A UK housing bubble? - jseliger
http://soberlook.com/2014/04/a-uk-housing-bubble-or-something-else.html

======
EliRivers
I can't speak for populations elsewhere, but the British public are fucking
idiots when it comes to houses. There is no limit, NONE, to what the British
public would agree to pay for a house if someone was willing to front them the
money, and there is no limit to how bad the housing has to get before they
realise how stupid they are.

You could advertise a one room bedsit made of cardboard for a million quid and
if some bank was willing to lend the money, some Brit would do it.

------
acd
Central banks are creating house bubbles by artificially controlling the price
of new money the interest rate and then they save the banks which default on
bad loans so the debt is kept intact. This moves money from the middle classes
up the chain to the upper class who owns most of the debt.

------
cylinder
There are housing bubbles pretty much _everywhere_ right now.

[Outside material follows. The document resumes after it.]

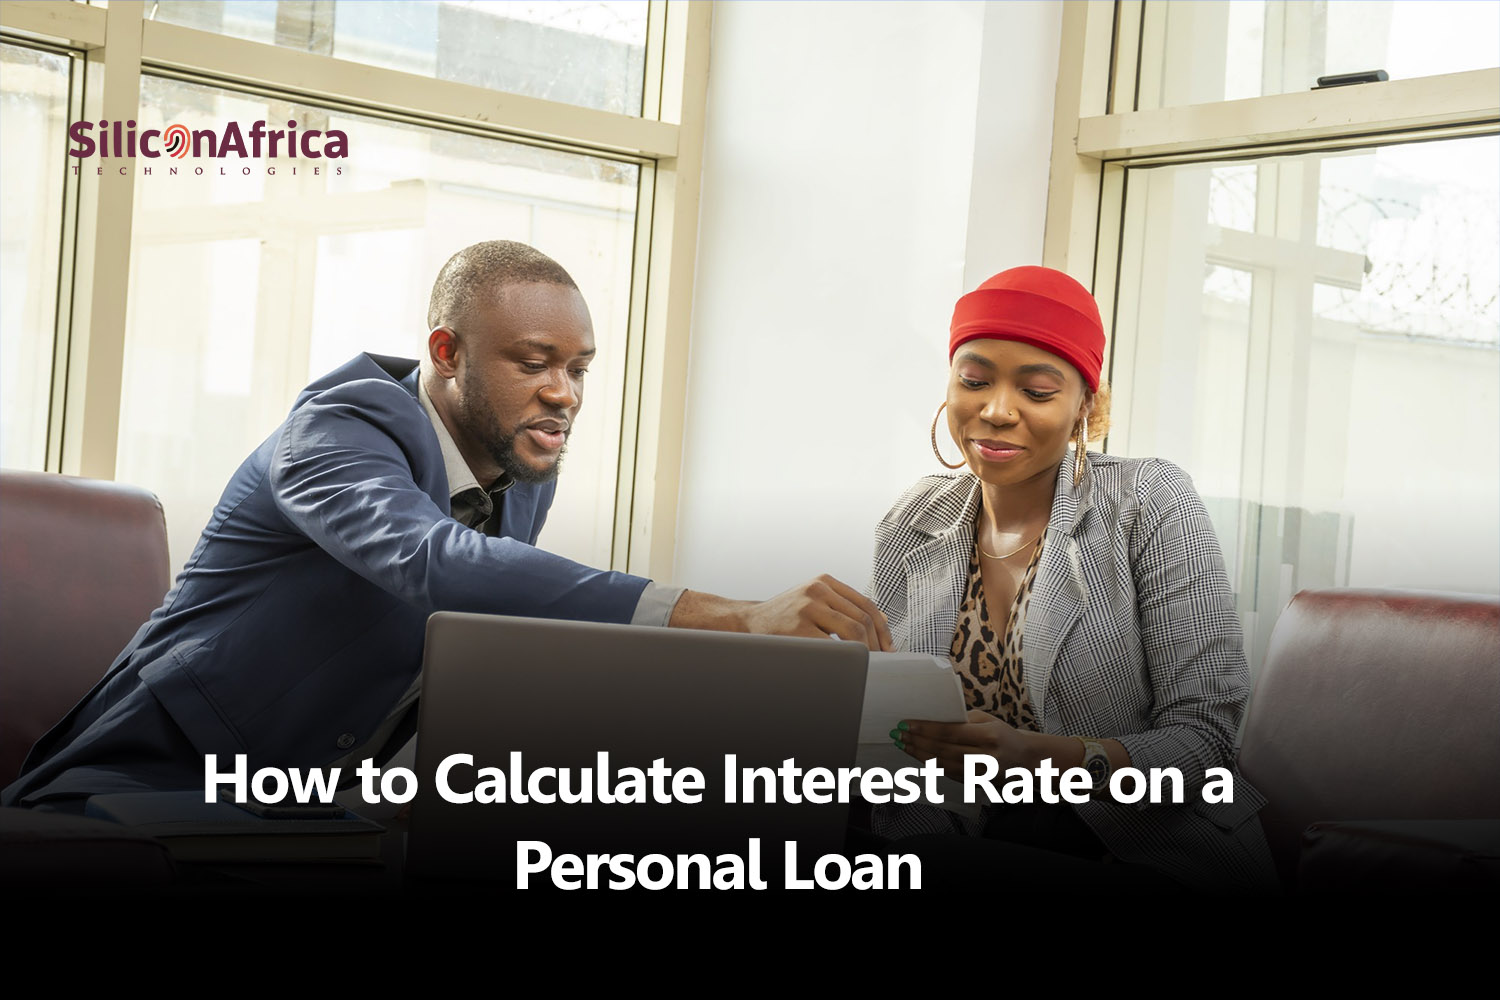 How to Calculate Interest Rate on a Personal Loan

By my own
definition, any home that requires a 30-year mortgage and a two-income
household to afford is overpriced. The availability of this type of credit is
detrimental to society and should be prohibited on equitable grounds (this
needs to be combined with prohibitions on investment into housing by non-
occupiers and non-citizens), but it's too late to prohibit the practice
because the real estate ponzi would collapse and send us all back into
recessions.